**EXERCISE**.
For any picture in the lines below, please leave it out and copy the rest exactly.
====== DATA ======
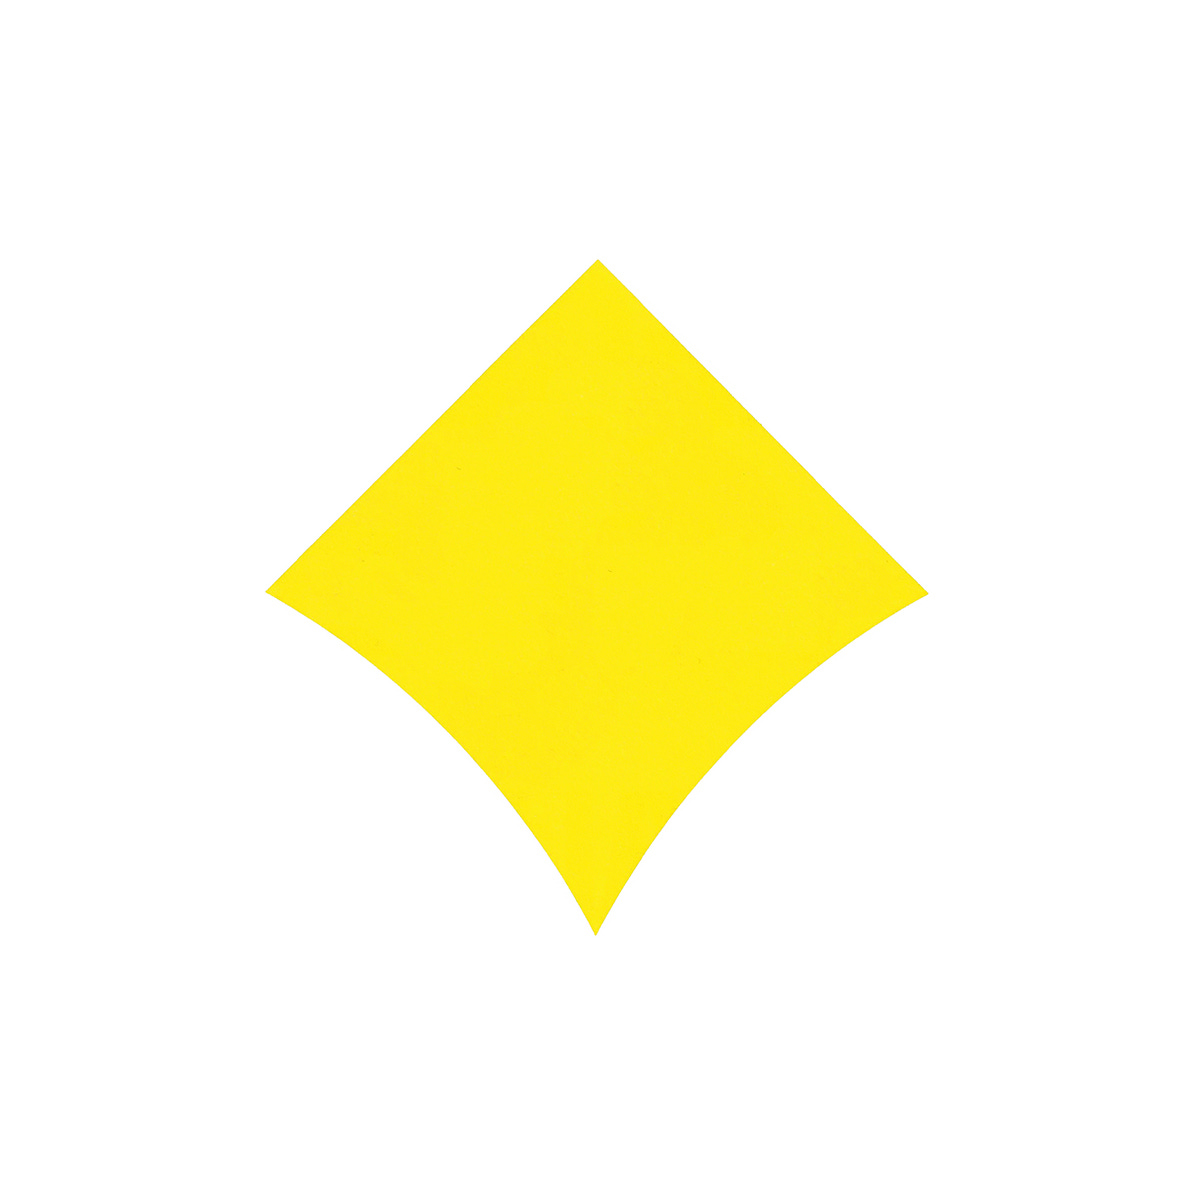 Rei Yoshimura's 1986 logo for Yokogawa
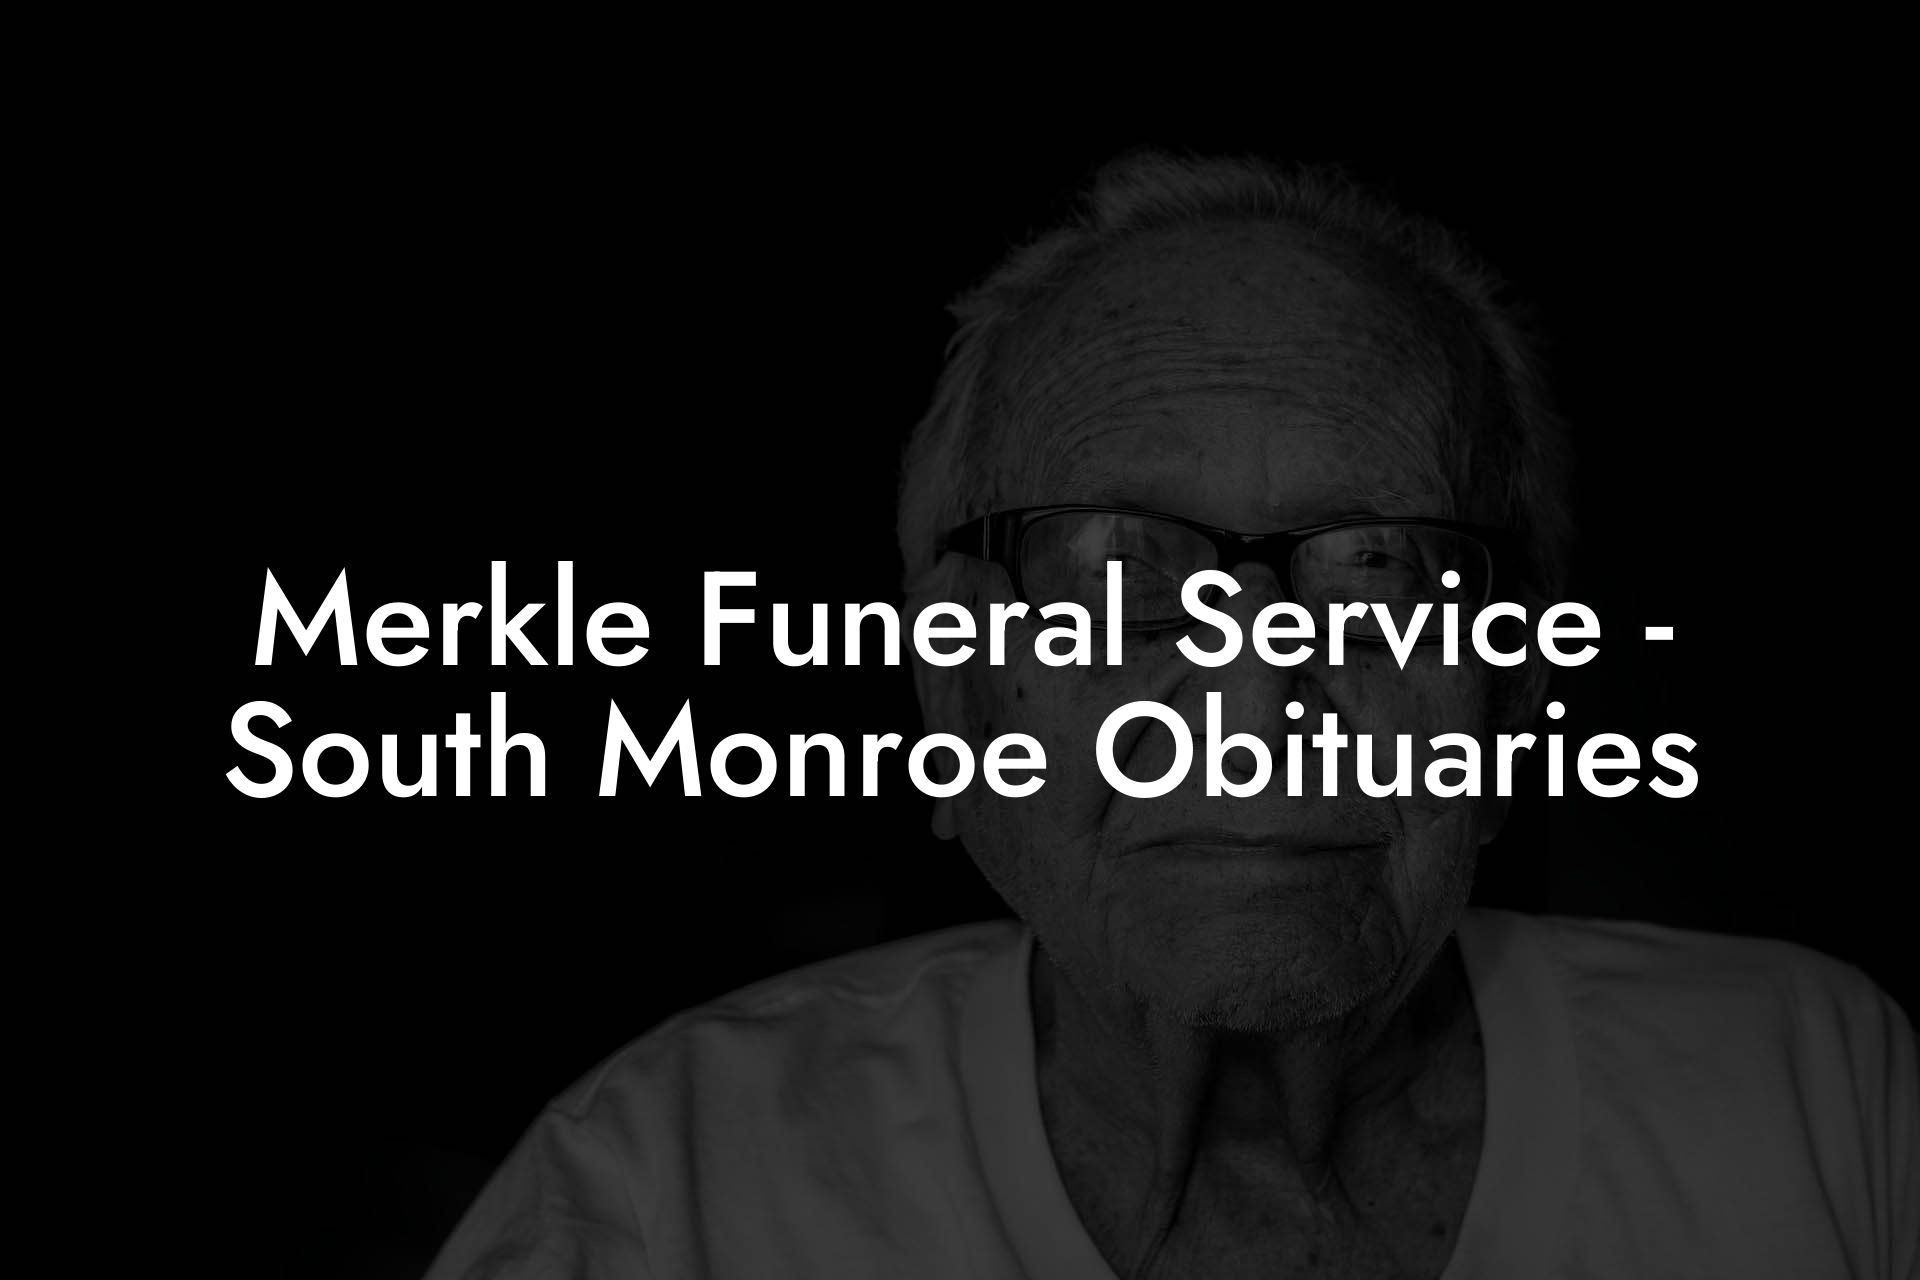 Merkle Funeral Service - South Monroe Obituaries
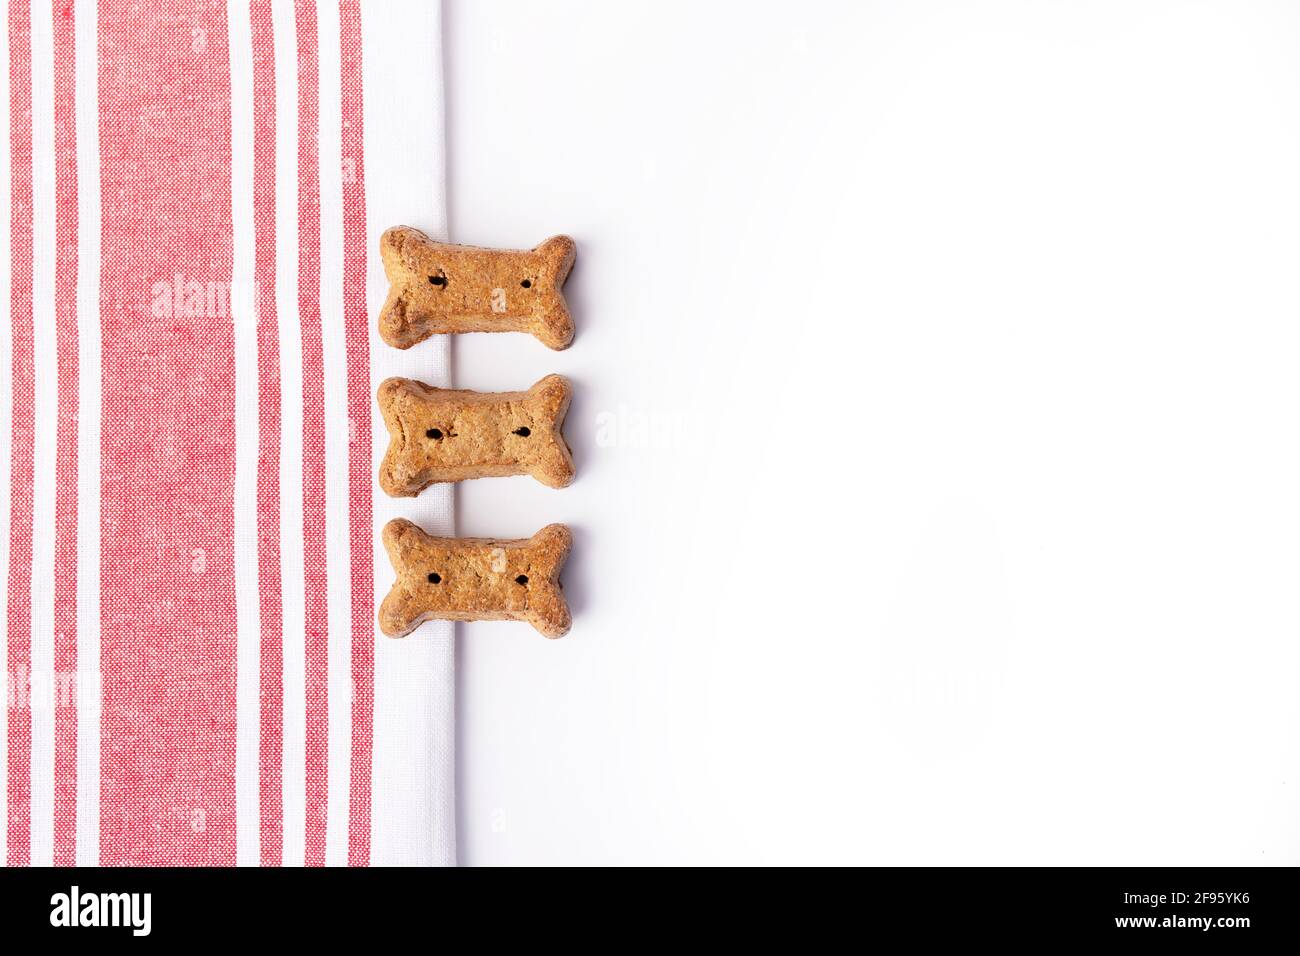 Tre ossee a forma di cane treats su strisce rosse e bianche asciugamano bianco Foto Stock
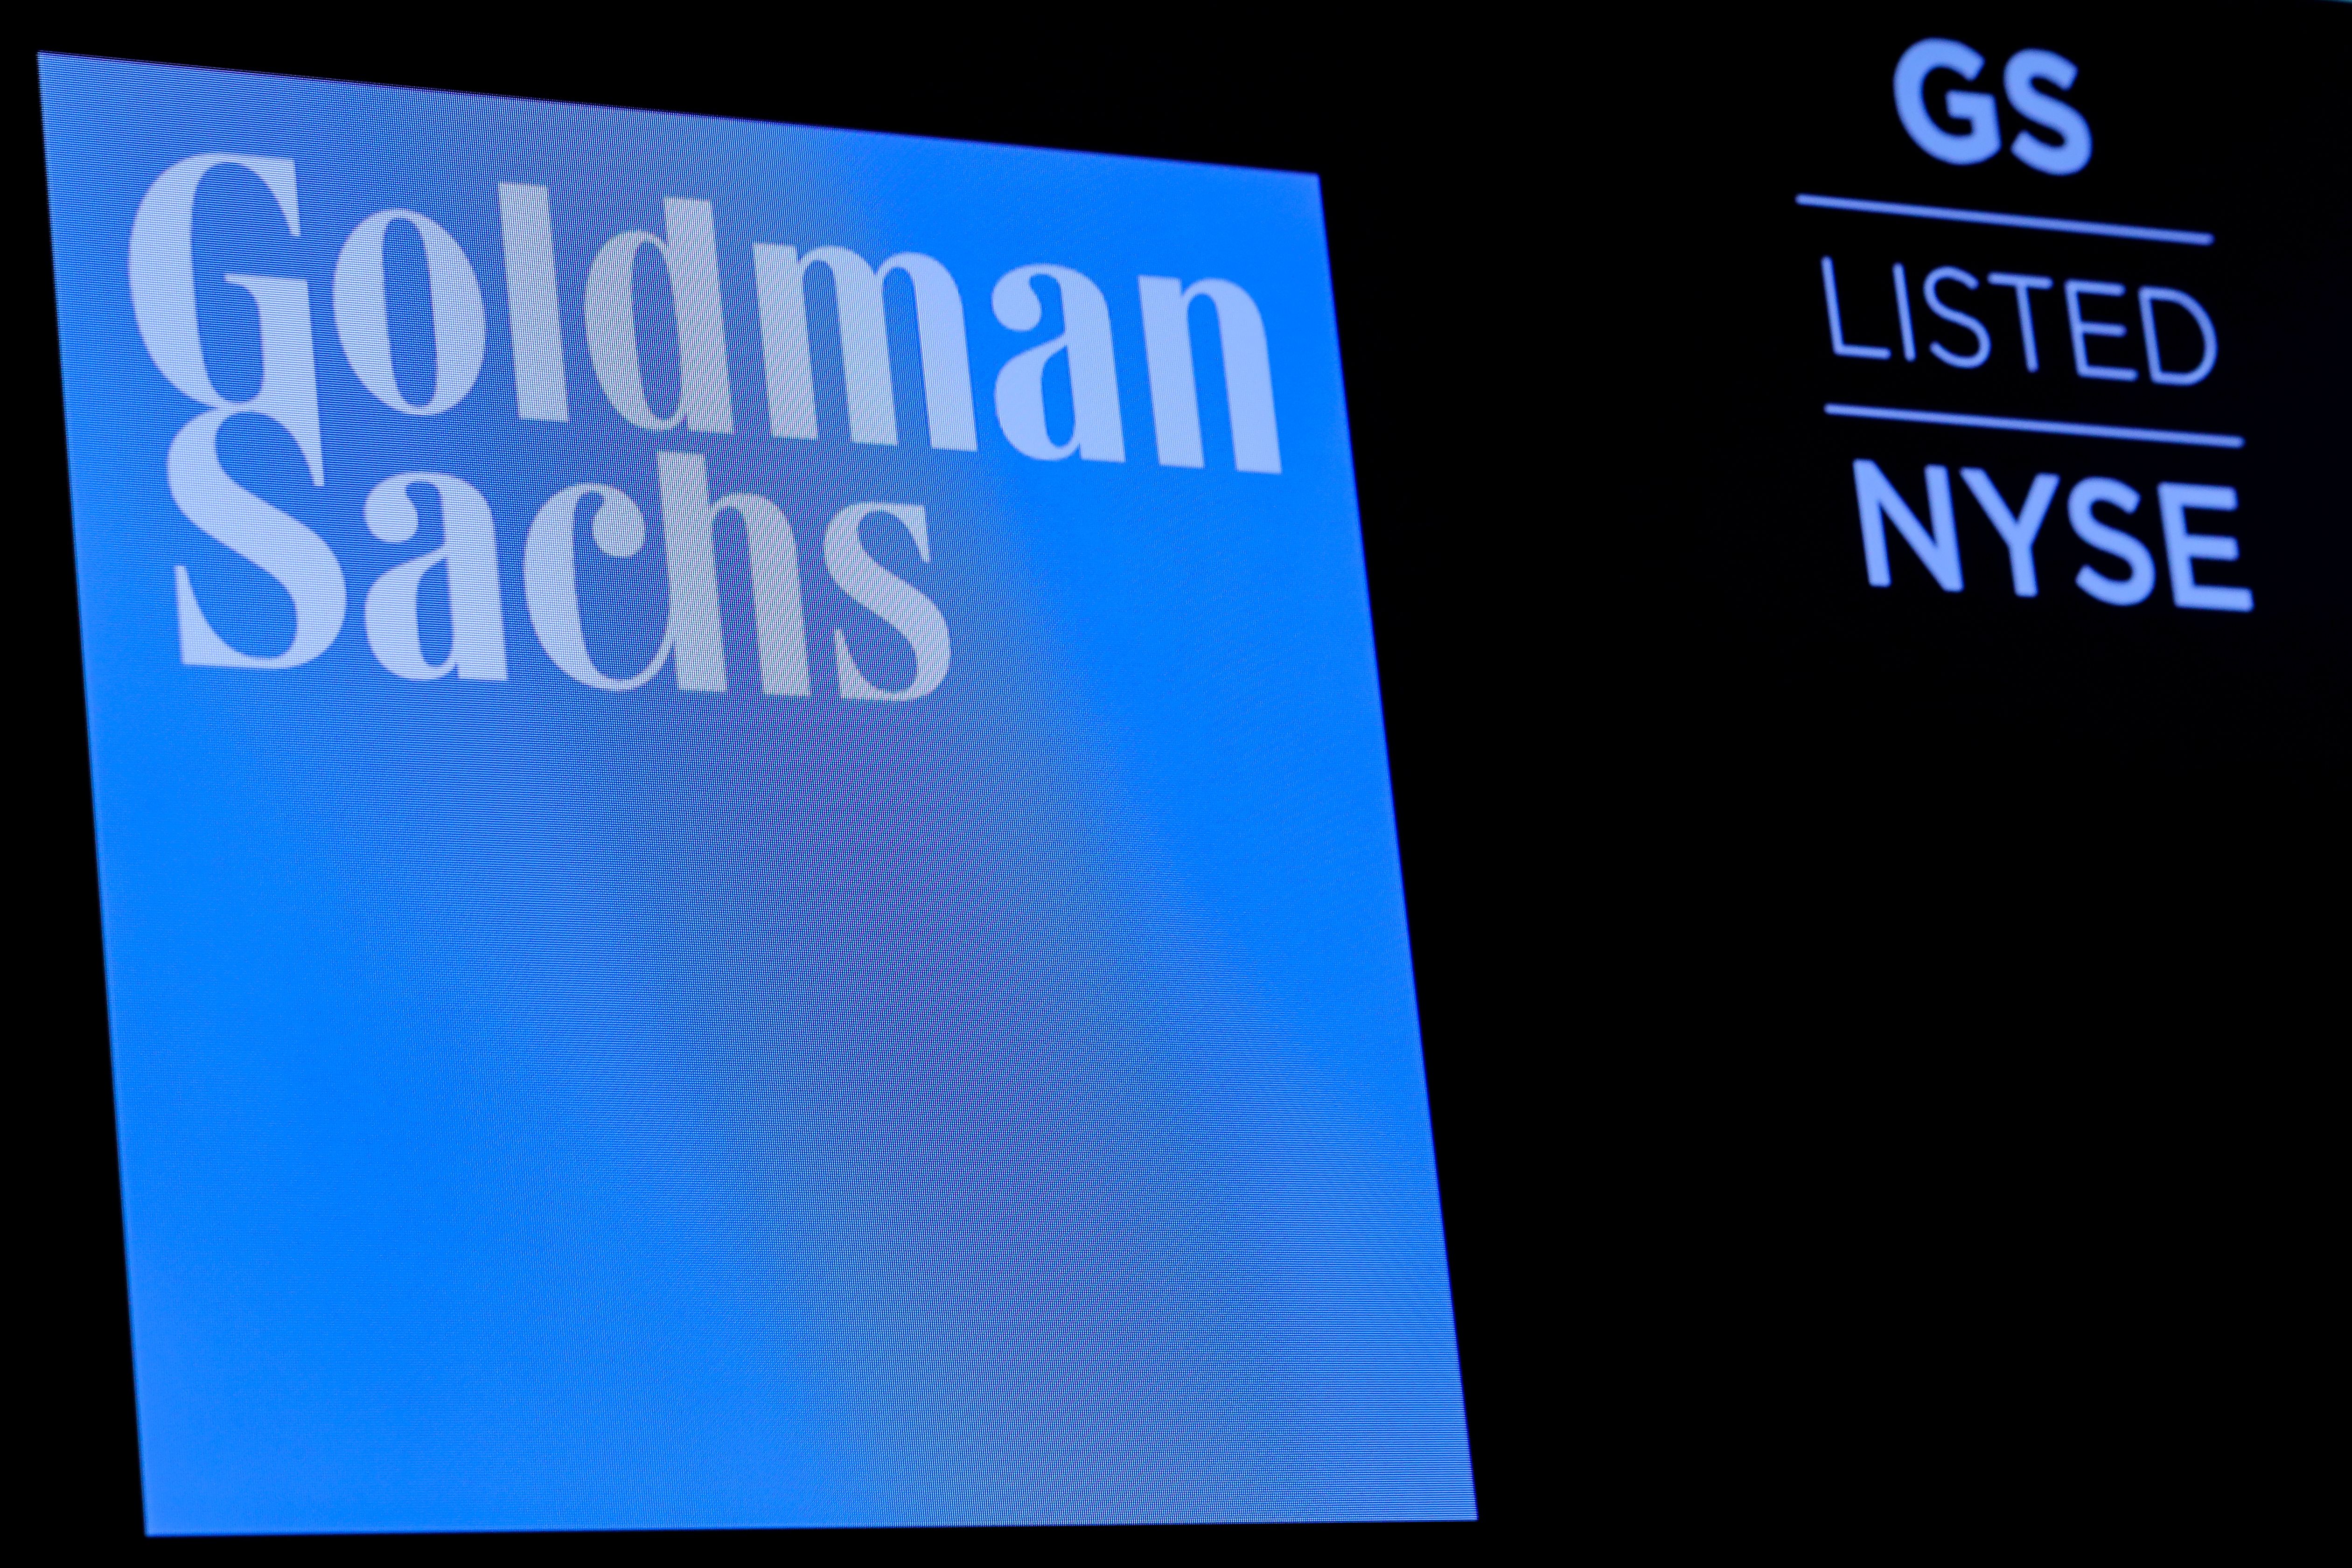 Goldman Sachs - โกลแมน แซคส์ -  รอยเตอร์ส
======
**PROBLEM SOLUTION**.
 Rei Yoshimura's 1986 logo for Yokogawa
 Merkle Funeral Service - South Monroe Obituaries
 Tre ossee a forma di cane treats su strisce rosse e bianche asciugamano bianco Foto Stock
 Goldman Sachs - โกลแมน แซคส์ -  รอยเตอร์ส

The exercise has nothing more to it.